Choopa (Constant.com) have been great for us. Best of Luck with them.


----------



## concerto49 (Nov 11, 2013)

Is great that the migration has been smooth this time. Compared to all the Vegas issues I mean.


----------



## Francisco (Nov 11, 2013)

concerto49 said:


> Is great that the migration has been smooth this time. Compared to all the Vegas issues I mean.


Blah blah blah you guys rag on our Vegas move but you realize we completely replaced the network on the 2nd day of time there? We also replaced all the motherboards in the KVM's on said 2nd day to IPMI powered boards.

We installed a completely new router ontop of that 

The NJ move was simple. The biggest project besides the move was replacing some bad drives.

Francisco


----------



## concerto49 (Nov 11, 2013)

Francisco said:


> Blah blah blah you guys rag on our Vegas move but you realize we completely replaced the network on the 2nd day of time there? We also replaced all the motherboards in the KVM's on said 2nd day to IPMI powered boards.
> 
> 
> We installed a completely new router ontop of that
> ...


I was more referring to the power issues that had nothing to do with you.
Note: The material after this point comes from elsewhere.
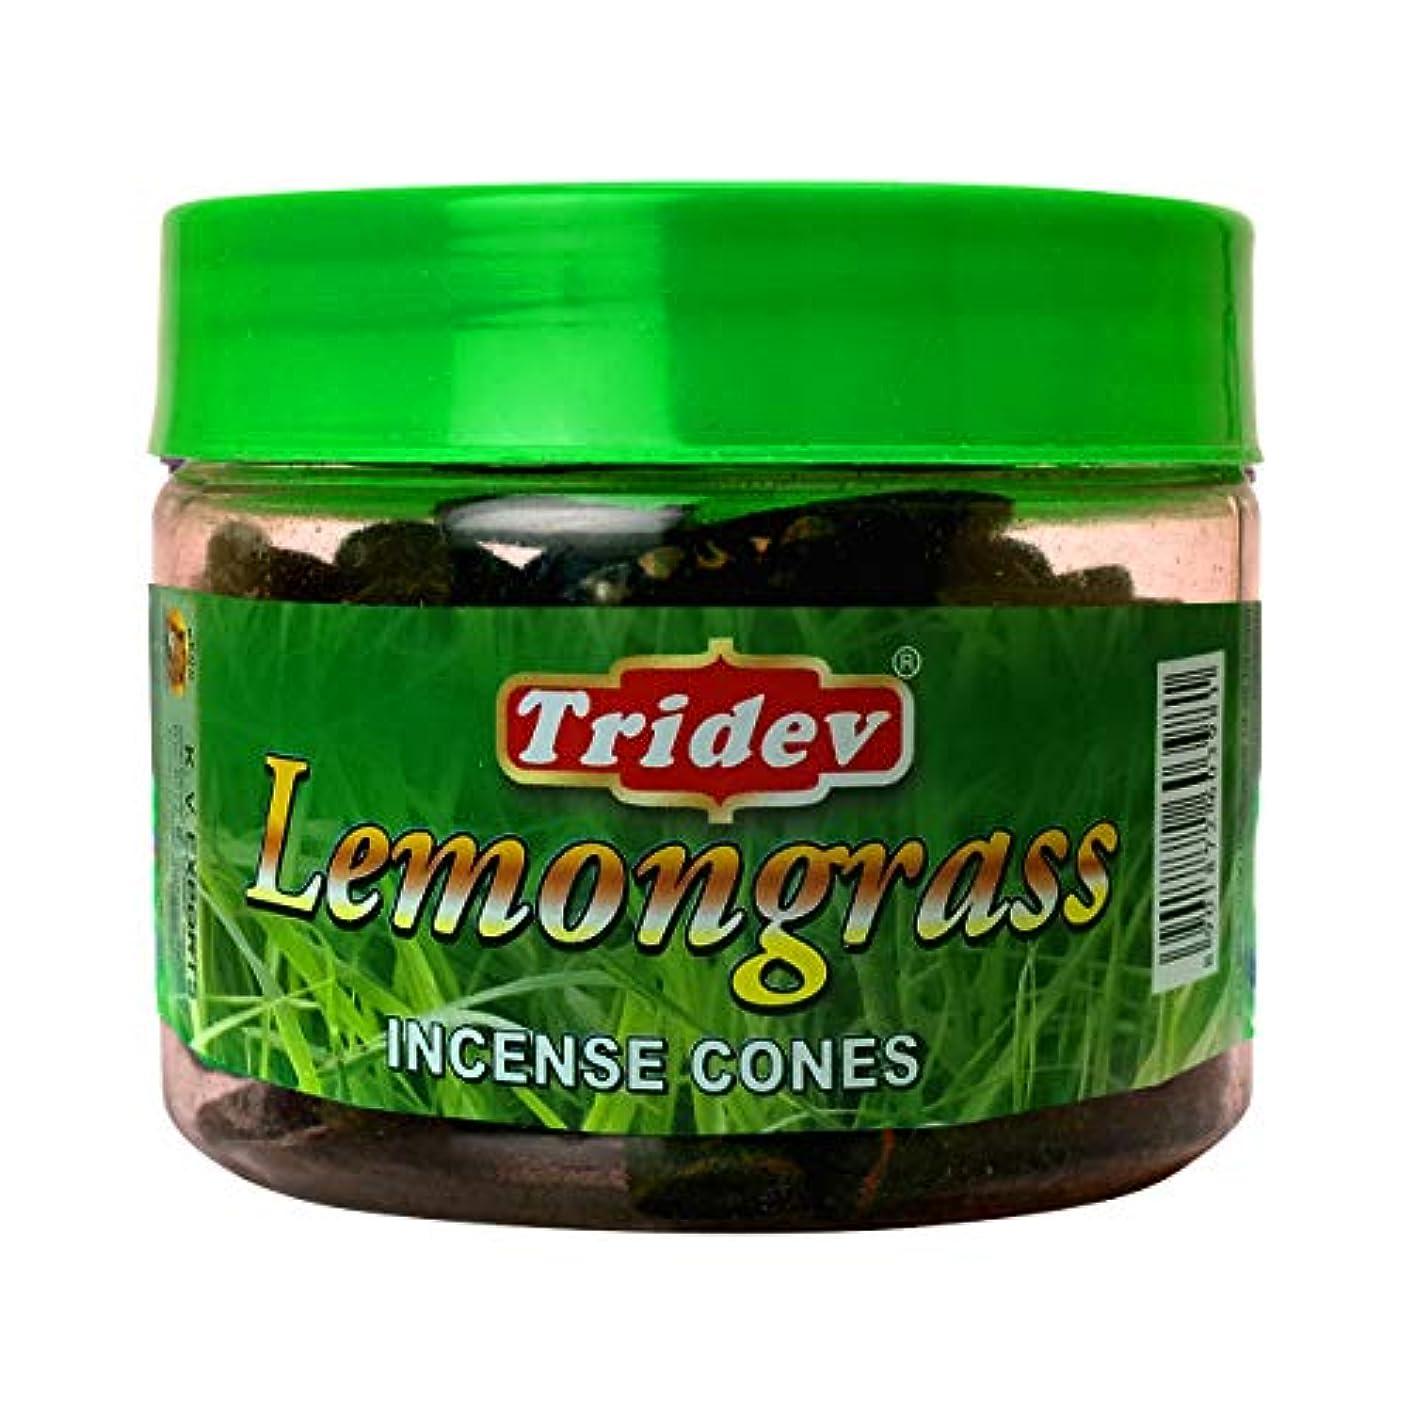 メアリアンジョーンズオーナー山Tridev レモングラスフレグランス コーン型お香瓶 1080グラム ボックス入り 12個入り 輸出品質
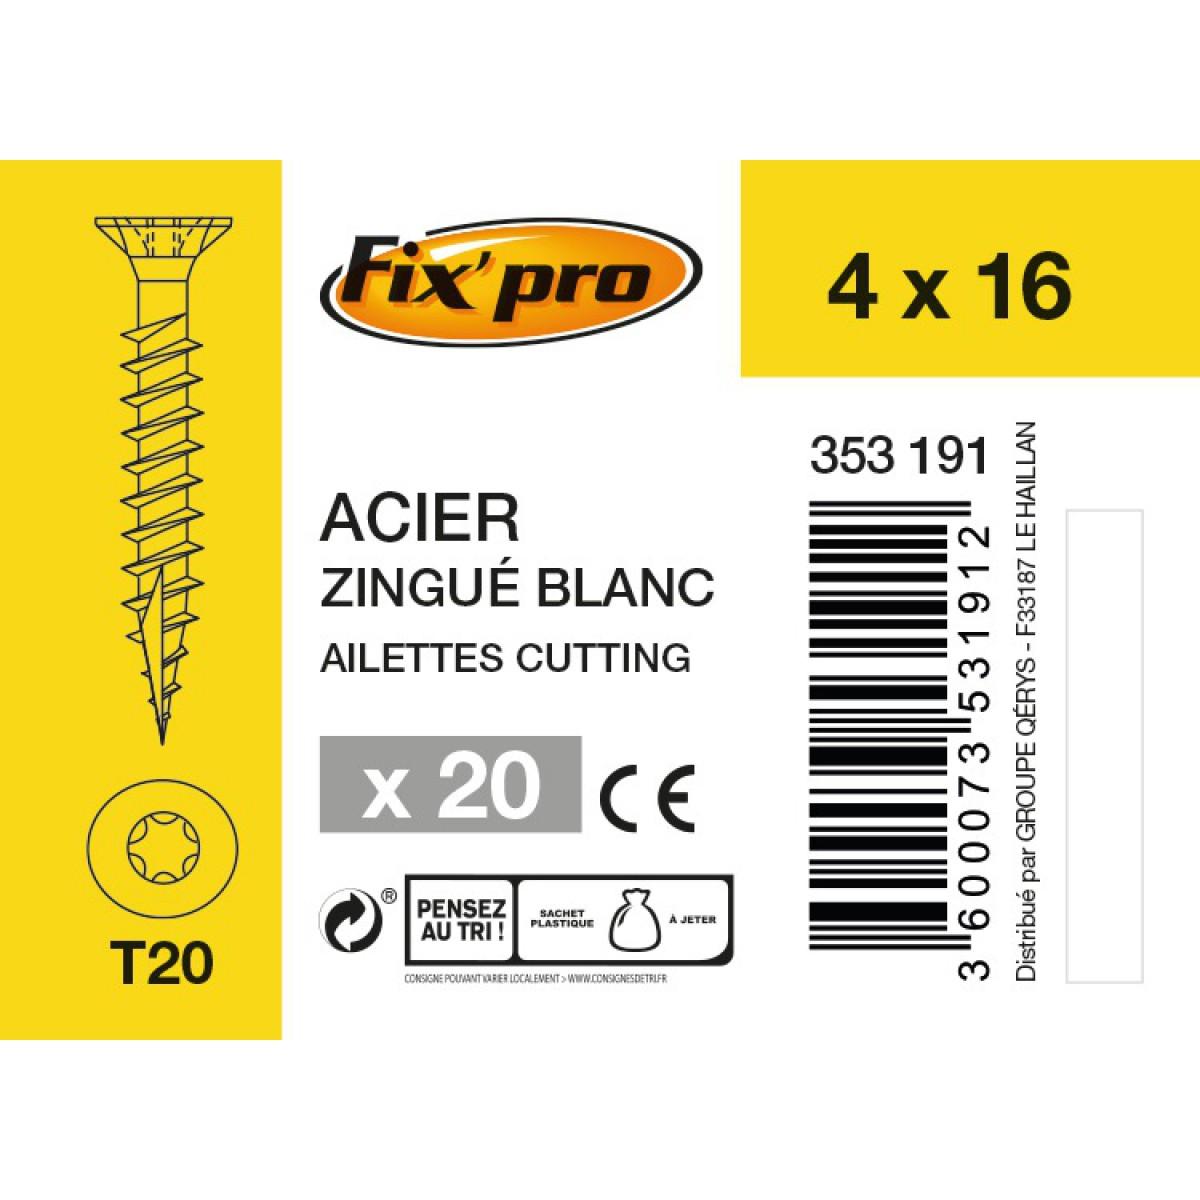 Vis à bois tête fraisée TX - 4x16 - 20pces - Fixpro

Stop being over sensitive


----------



## Francisco (Nov 11, 2013)

concerto49 said:


> I was more referring to the power issues that had nothing to do with you. Stop being over sensitive


Far too many people go on that the Vegas stuff was done poorly on our end though, not the breaker 

It was a ton of work and we were dumb thinking the 2 of us could do it all without more time.

We did get it done but it was *hell*.

NJ was a nice drive though. New York state was meh but New Jersey was surprisingly pretty.

Francisco


----------



## MannDude (Nov 11, 2013)

Francisco said:


> Far too many people go on that the Vegas stuff was done poorly on our end though, not the breaker
> 
> 
> It was a ton of work and we were dumb thinking the 2 of us could do it all without more time.
> ...




Did New Jersey smell like spray-tan lotion and hair gel?


----------



## peterw (Nov 12, 2013)

You need stock in New Jersy too.


----------



## Aldryic C'boas (Nov 12, 2013)

peterw said:


> You need stock in New Jersy too.


That'll be coming in the next 15 minutes or so, actually.


----------



## shunny (Nov 12, 2013)

I am so looking forward to the stock in New Jersey


----------



## Aldryic C'boas (Nov 12, 2013)

Heh, sorry, took a little longer than expected.  Had to go and deal with an abuse issue - Jersey is now stocked.


----------



## clarity (Nov 12, 2013)

Hey @Aldryic, do you guys own doesbuyvmhavestock.com? If so, you might want to change those tabs for stock.


----------



## shunny (Nov 12, 2013)

grabbed one, so excited no more CC.  

Yea on your website too should change to NJ


----------



## Francisco (Nov 12, 2013)

We own doesbuyvmhavestock.

We'll likely close it down in the coming weeks, though. It doesn't get updated as much as it should 

The BuyVM site will get replaced soon too.

Francisco


----------



## Francisco (Nov 12, 2013)

MannDude said:


> Did New Jersey smell like spray-tan lotion and hair gel?


The Denny's did. We got outside and there was a half dozen people gathered around a car with the speakers really loud smoking weed.

Francisco


----------



## Ruchirablog (Nov 12, 2013)

Francisco said:


> We'll likely close it down in the coming weeks, though.


nah don't do that  :angry:


----------



## MannDude (Nov 12, 2013)

Sweet, stock is available. I may have to pick one of these up 

Sounds like, from everything I've read, that the move to Choopa direct has been an upgrade for your clients... network wise. Now that you're out of CC and my purchase won't indirectly feed anyone at CC I'm happy to have yet another trustworthy provider option on the East coast.


----------



## Aldryic C'boas (Nov 12, 2013)

MannDude said:


> Sweet, stock is available. I may have to pick one of these up
> 
> Sounds like, from everything I've read, that the move to Choopa direct has been an upgrade for your clients... network wise. Now that you're out of CC and my purchase won't indirectly feed anyone at CC I'm happy to have yet another trustworthy provider option on the East coast.


Pretty much.  Network has been a 100% improvement for everyone, with a minor exception of a few CA clients.  That turned out to be a Bell Canada issue, and got resolved earlier today.. so now everyone's golden


----------



## The_Hatta (Nov 13, 2013)

Aldryic C said:


> Pretty much.  Network has been a 100% improvement for everyone, with a minor exception of a few CA clients.  That turned out to be a Bell Canada issue, and got resolved earlier today.. so now everyone's golden


Shit I could have told you that >_> Happened yesterday, bell broke their internal routing causing all their gas clients to get a$s raped...


----------